> [What the exercise asks]: Your answer must be the records below, printed exactly.

Records excerpted from a collection:
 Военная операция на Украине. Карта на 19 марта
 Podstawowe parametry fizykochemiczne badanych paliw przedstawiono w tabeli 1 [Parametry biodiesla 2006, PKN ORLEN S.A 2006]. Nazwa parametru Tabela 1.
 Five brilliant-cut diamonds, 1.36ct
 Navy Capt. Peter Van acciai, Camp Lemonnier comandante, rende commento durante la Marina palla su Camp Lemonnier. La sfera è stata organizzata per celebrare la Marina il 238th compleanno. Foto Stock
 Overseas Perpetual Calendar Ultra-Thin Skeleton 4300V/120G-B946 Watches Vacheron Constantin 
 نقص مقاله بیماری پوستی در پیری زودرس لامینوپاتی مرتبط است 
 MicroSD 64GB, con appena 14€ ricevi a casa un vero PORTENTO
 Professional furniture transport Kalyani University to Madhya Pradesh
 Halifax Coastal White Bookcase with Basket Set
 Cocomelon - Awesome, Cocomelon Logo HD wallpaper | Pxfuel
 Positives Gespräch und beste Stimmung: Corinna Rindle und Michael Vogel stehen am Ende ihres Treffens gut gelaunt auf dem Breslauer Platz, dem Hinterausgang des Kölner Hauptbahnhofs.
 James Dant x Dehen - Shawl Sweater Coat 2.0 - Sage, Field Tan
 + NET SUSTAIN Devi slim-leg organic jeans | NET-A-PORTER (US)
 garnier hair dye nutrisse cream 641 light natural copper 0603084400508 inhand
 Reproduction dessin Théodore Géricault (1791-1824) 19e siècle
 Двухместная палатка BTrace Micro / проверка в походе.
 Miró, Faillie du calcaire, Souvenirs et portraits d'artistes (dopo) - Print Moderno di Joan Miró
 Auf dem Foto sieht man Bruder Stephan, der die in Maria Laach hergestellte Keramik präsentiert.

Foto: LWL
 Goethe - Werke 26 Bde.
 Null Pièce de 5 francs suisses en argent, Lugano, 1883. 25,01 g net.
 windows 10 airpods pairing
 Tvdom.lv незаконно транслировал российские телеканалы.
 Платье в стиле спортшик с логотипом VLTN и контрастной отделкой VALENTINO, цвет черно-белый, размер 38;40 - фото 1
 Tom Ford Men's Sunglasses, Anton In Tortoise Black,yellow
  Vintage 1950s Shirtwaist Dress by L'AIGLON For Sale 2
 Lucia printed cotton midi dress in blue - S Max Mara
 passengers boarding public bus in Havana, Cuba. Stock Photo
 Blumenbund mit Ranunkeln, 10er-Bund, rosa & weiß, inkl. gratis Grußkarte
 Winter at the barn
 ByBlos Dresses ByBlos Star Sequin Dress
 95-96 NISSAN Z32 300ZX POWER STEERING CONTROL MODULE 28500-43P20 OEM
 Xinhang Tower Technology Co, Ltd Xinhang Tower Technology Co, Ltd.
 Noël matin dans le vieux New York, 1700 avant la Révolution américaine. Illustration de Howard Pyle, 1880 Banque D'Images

> [Result for this task]:
 Военная операция на Украине. Карта на 19 марта
 Podstawowe parametry fizykochemiczne badanych paliw przedstawiono w tabeli 1 [Parametry biodiesla 2006, PKN ORLEN S.A 2006]. Nazwa parametru Tabela 1.
 Five brilliant-cut diamonds, 1.36ct
 Navy Capt. Peter Van acciai, Camp Lemonnier comandante, rende commento durante la Marina palla su Camp Lemonnier. La sfera è stata organizzata per celebrare la Marina il 238th compleanno. Foto Stock
 Overseas Perpetual Calendar Ultra-Thin Skeleton 4300V/120G-B946 Watches Vacheron Constantin 
 نقص مقاله بیماری پوستی در پیری زودرس لامینوپاتی مرتبط است 
 MicroSD 64GB, con appena 14€ ricevi a casa un vero PORTENTO
 Professional furniture transport Kalyani University to Madhya Pradesh
 Halifax Coastal White Bookcase with Basket Set
 Cocomelon - Awesome, Cocomelon Logo HD wallpaper | Pxfuel
 Positives Gespräch und beste Stimmung: Corinna Rindle und Michael Vogel stehen am Ende ihres Treffens gut gelaunt auf dem Breslauer Platz, dem Hinterausgang des Kölner Hauptbahnhofs.
 James Dant x Dehen - Shawl Sweater Coat 2.0 - Sage, Field Tan
 + NET SUSTAIN Devi slim-leg organic jeans | NET-A-PORTER (US)
 garnier hair dye nutrisse cream 641 light natural copper 0603084400508 inhand
 Reproduction dessin Théodore Géricault (1791-1824) 19e siècle
 Двухместная палатка BTrace Micro / проверка в походе.
 Miró, Faillie du calcaire, Souvenirs et portraits d'artistes (dopo) - Print Moderno di Joan Miró
 Auf dem Foto sieht man Bruder Stephan, der die in Maria Laach hergestellte Keramik präsentiert.

Foto: LWL
 Goethe - Werke 26 Bde.
 Null Pièce de 5 francs suisses en argent, Lugano, 1883. 25,01 g net.
 windows 10 airpods pairing
 Tvdom.lv незаконно транслировал российские телеканалы.
 Платье в стиле спортшик с логотипом VLTN и контрастной отделкой VALENTINO, цвет черно-белый, размер 38;40 - фото 1
 Tom Ford Men's Sunglasses, Anton In Tortoise Black,yellow
  Vintage 1950s Shirtwaist Dress by L'AIGLON For Sale 2
 Lucia printed cotton midi dress in blue - S Max Mara
 passengers boarding public bus in Havana, Cuba. Stock Photo
 Blumenbund mit Ranunkeln, 10er-Bund, rosa & weiß, inkl. gratis Grußkarte
 Winter at the barn
 ByBlos Dresses ByBlos Star Sequin Dress
 95-96 NISSAN Z32 300ZX POWER STEERING CONTROL MODULE 28500-43P20 OEM
 Xinhang Tower Technology Co, Ltd Xinhang Tower Technology Co, Ltd.
 Noël matin dans le vieux New York, 1700 avant la Révolution américaine. Illustration de Howard Pyle, 1880 Banque D'Images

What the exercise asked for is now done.